- WHAT YOU SHOULD DO -
Below is a listing to write out in full, exactly as given, without its pictures.

□ □ □ □ □

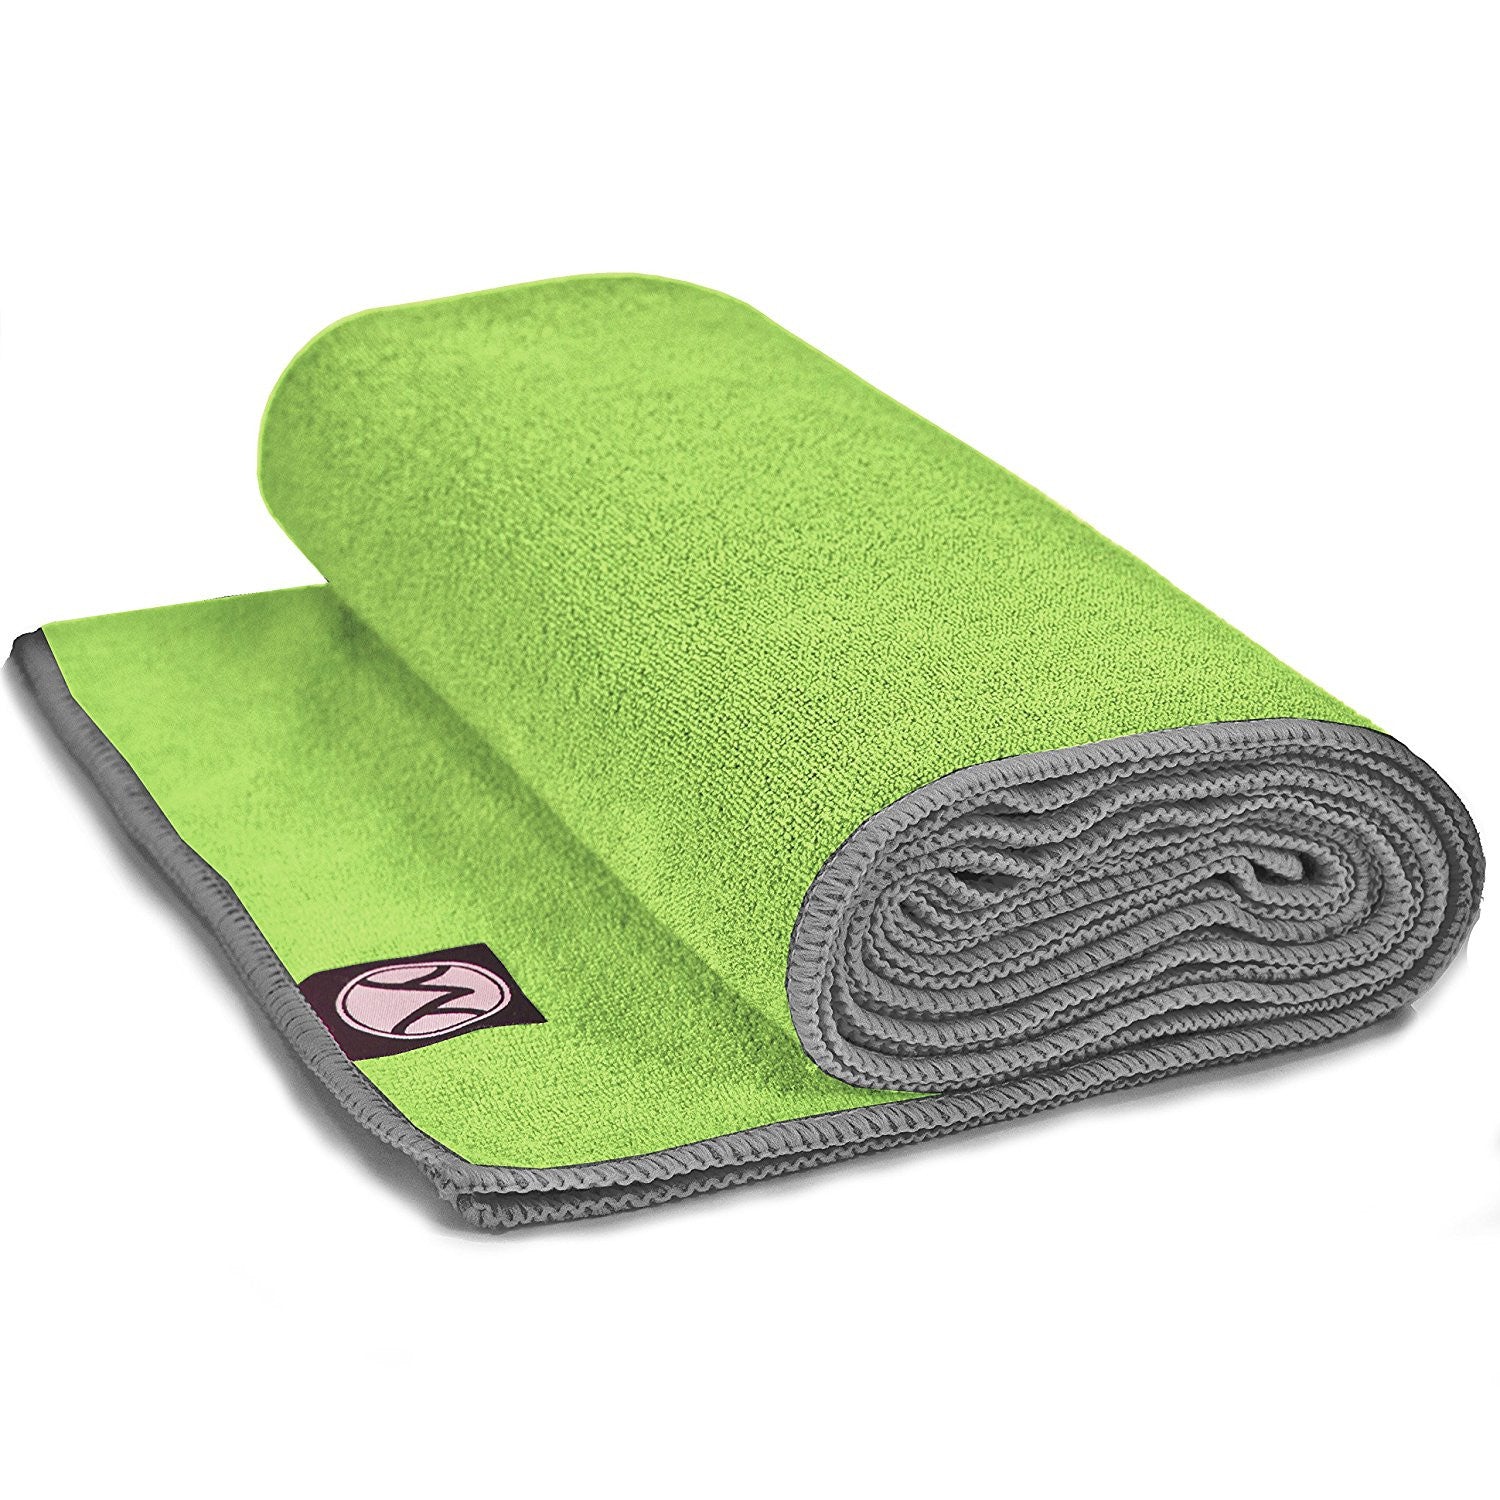  Youphoria 24-Inch-by-72-Inch Microfiber Yoga Towel
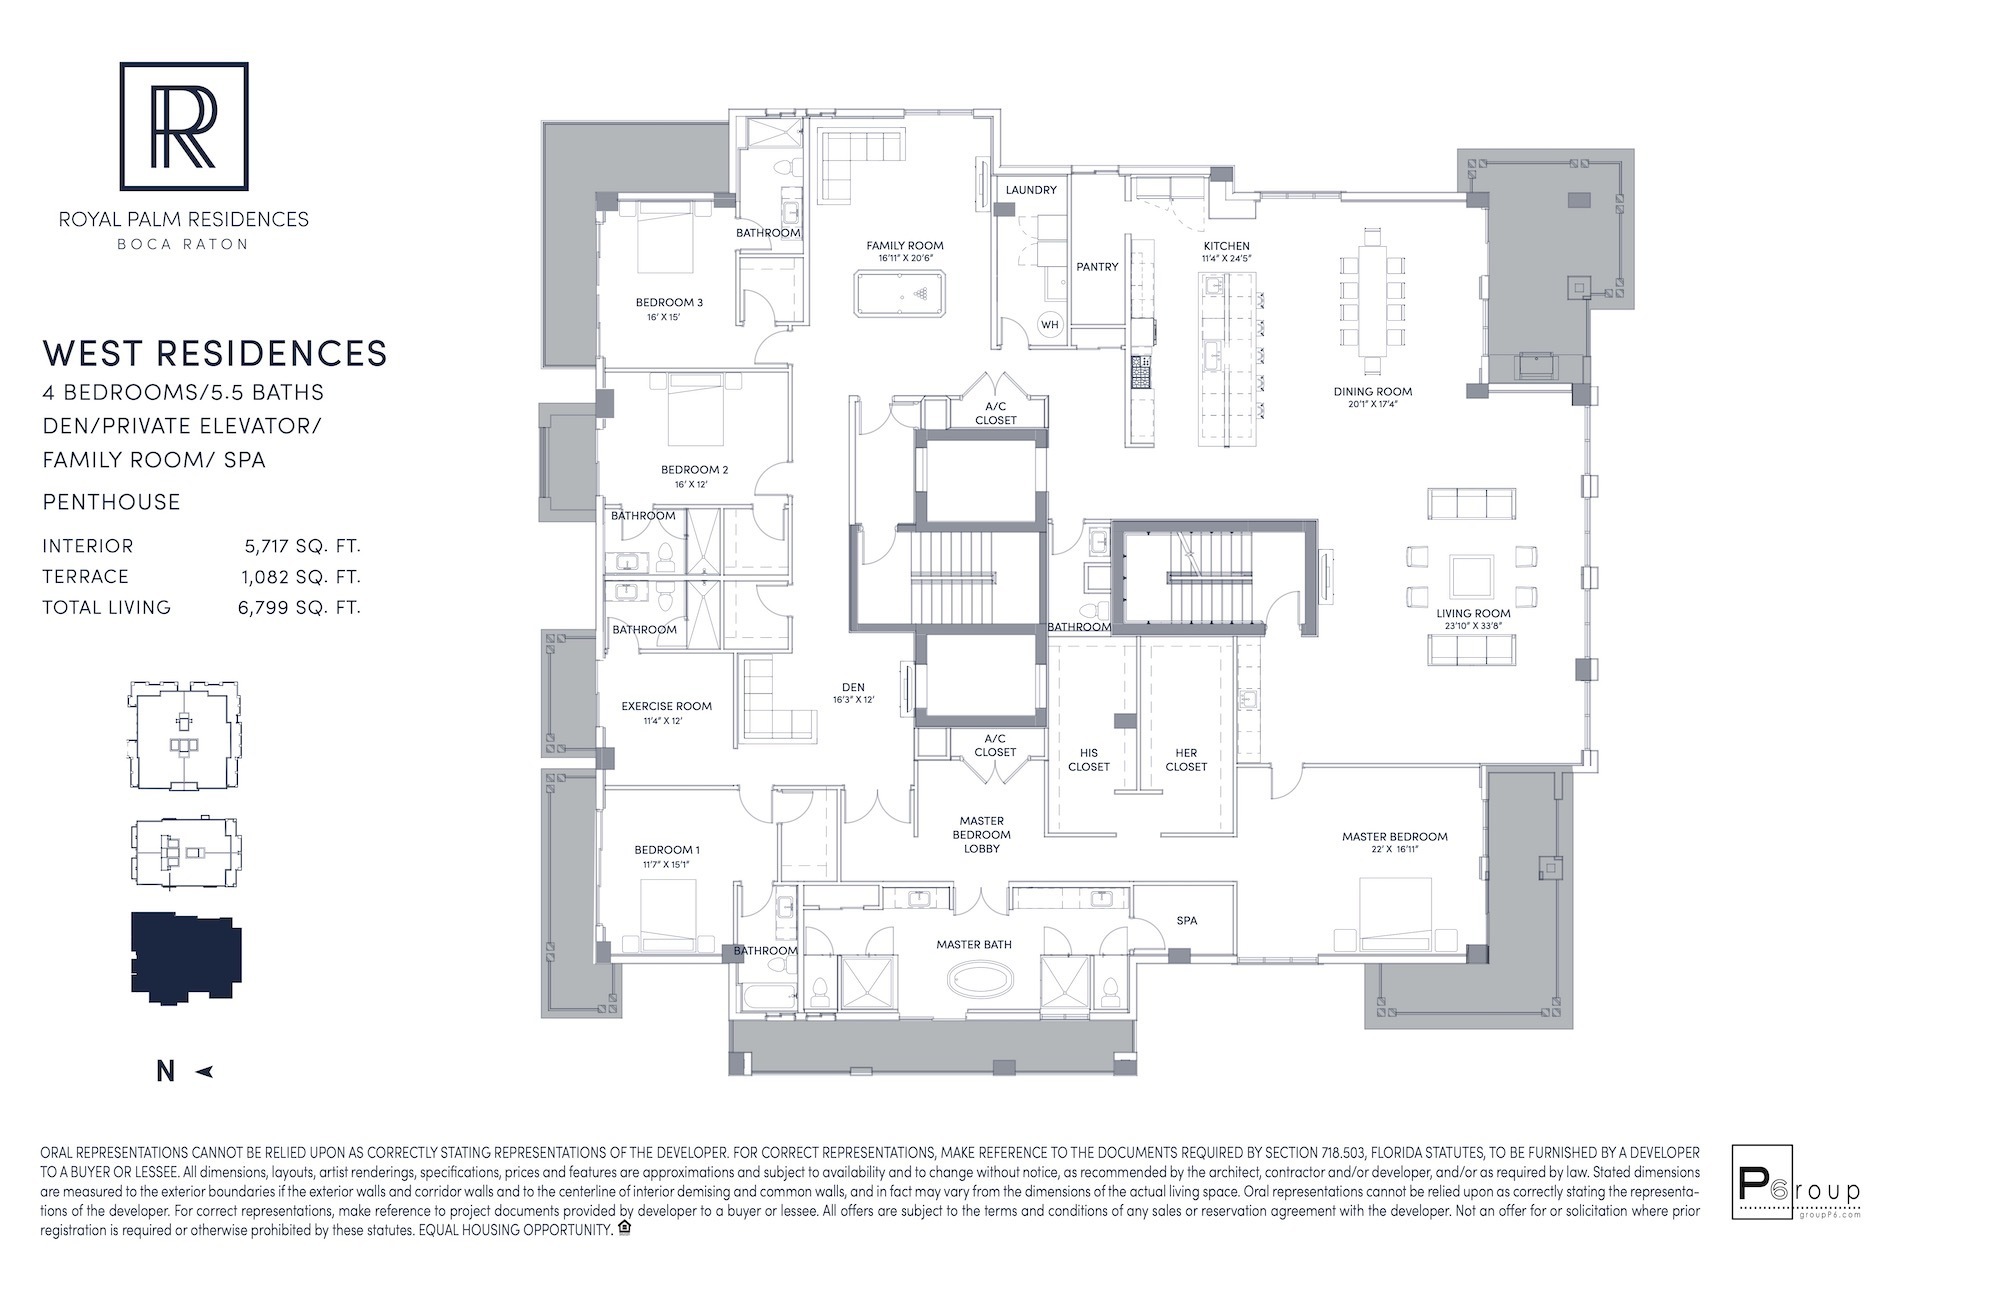 Floor Plan for Royal Palm Residences Floorplans, West Residences Penthouse
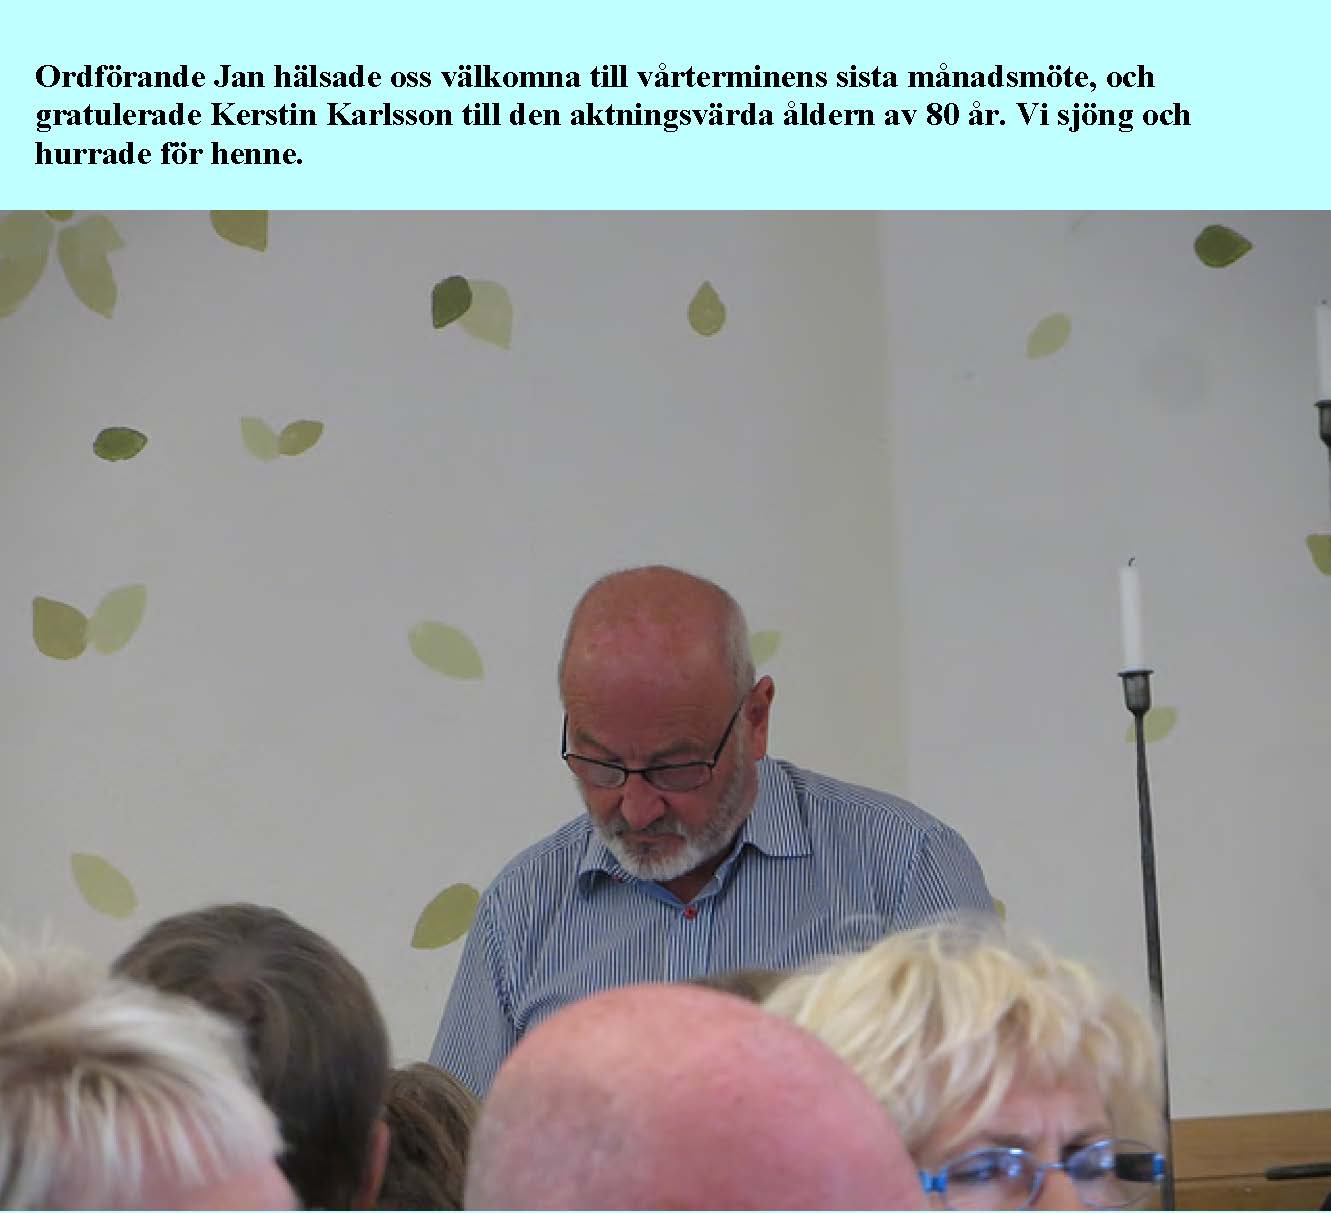 2015-05-08-ove-nyqvist-underhaller_Sida_01.jpg
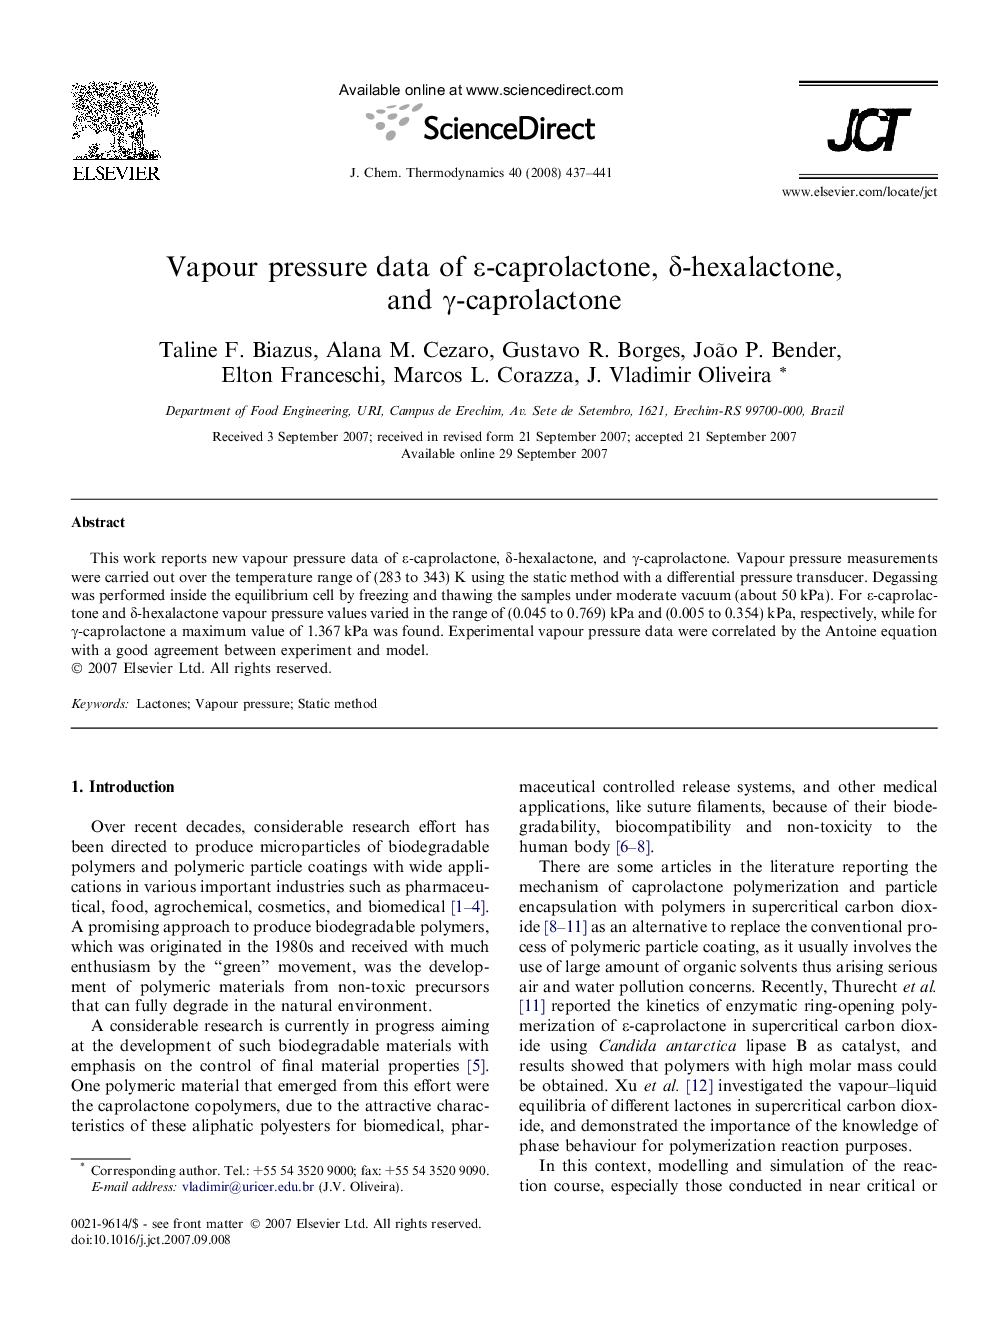 Vapour pressure data of ε-caprolactone, δ-hexalactone, and γ-caprolactone
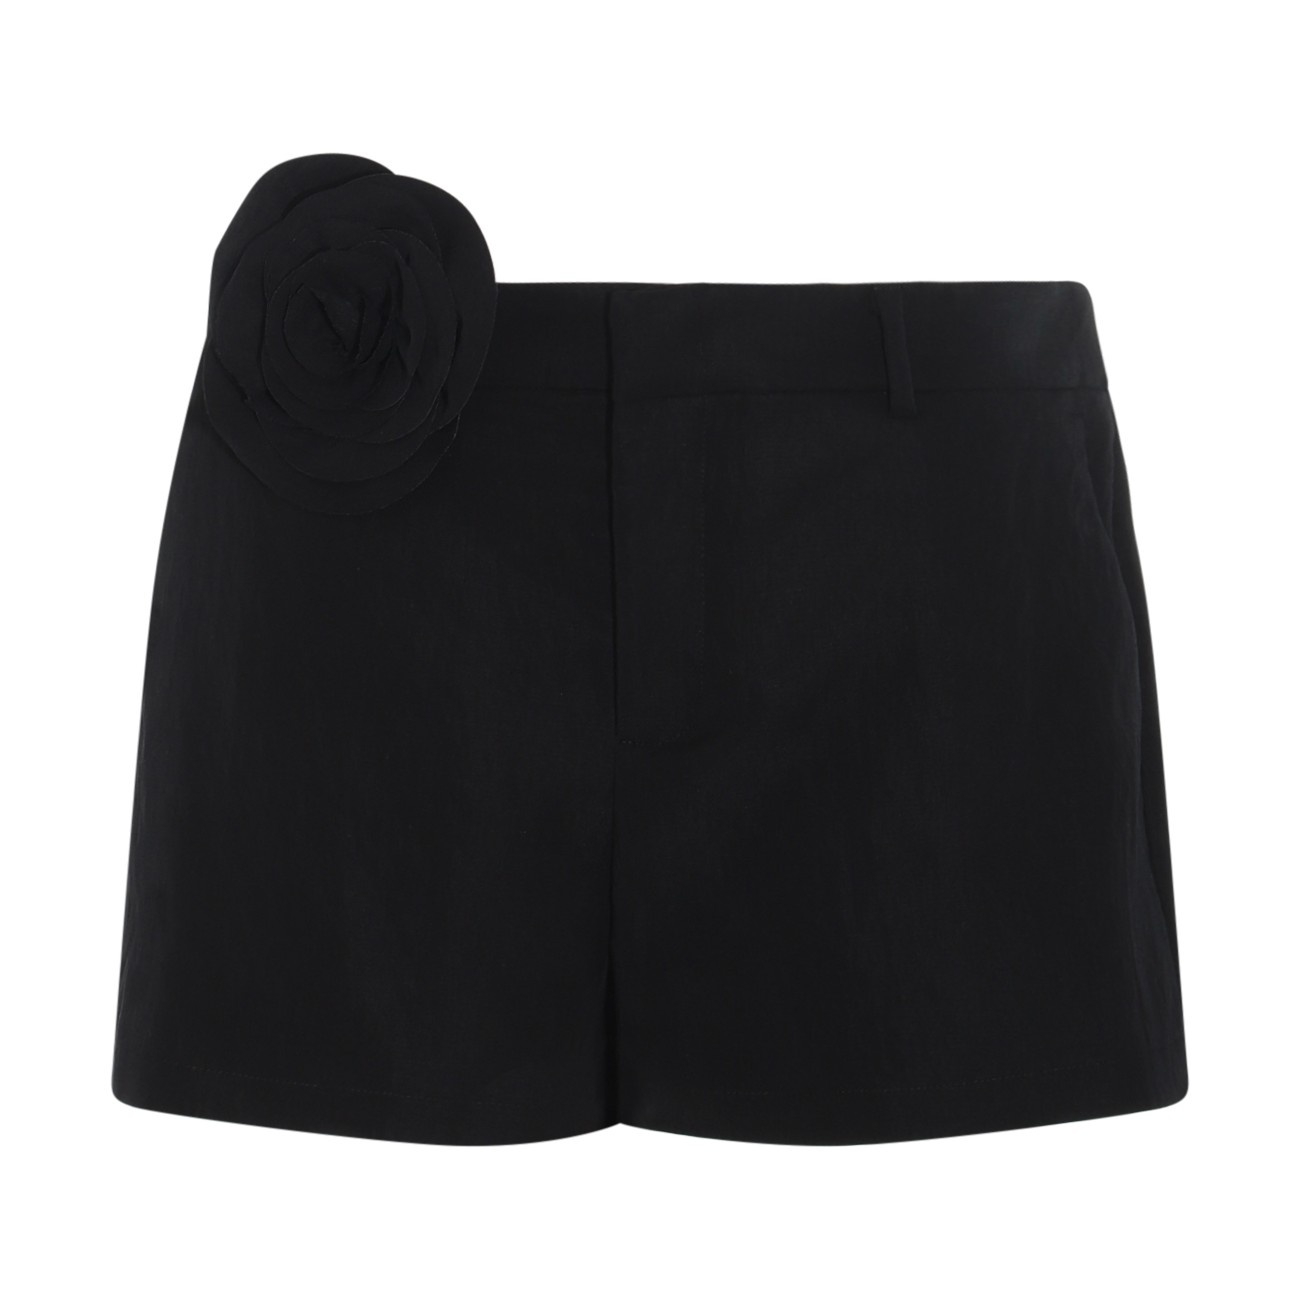 black shorts - 1

□ □ □ □ □

- EXERCISE SOLUTION -
  Youphoria 24-Inch-by-72-Inch Microfiber Yoga Towel
 Floor Plan for Royal Palm Residences Floorplans, West Residences Penthouse
 2015-05-08-ove-nyqvist-underhaller_Sida_01.jpg
 Vapour pressure data of ε-caprolactone, δ-hexalactone, and γ-caprolactone
 black shorts - 1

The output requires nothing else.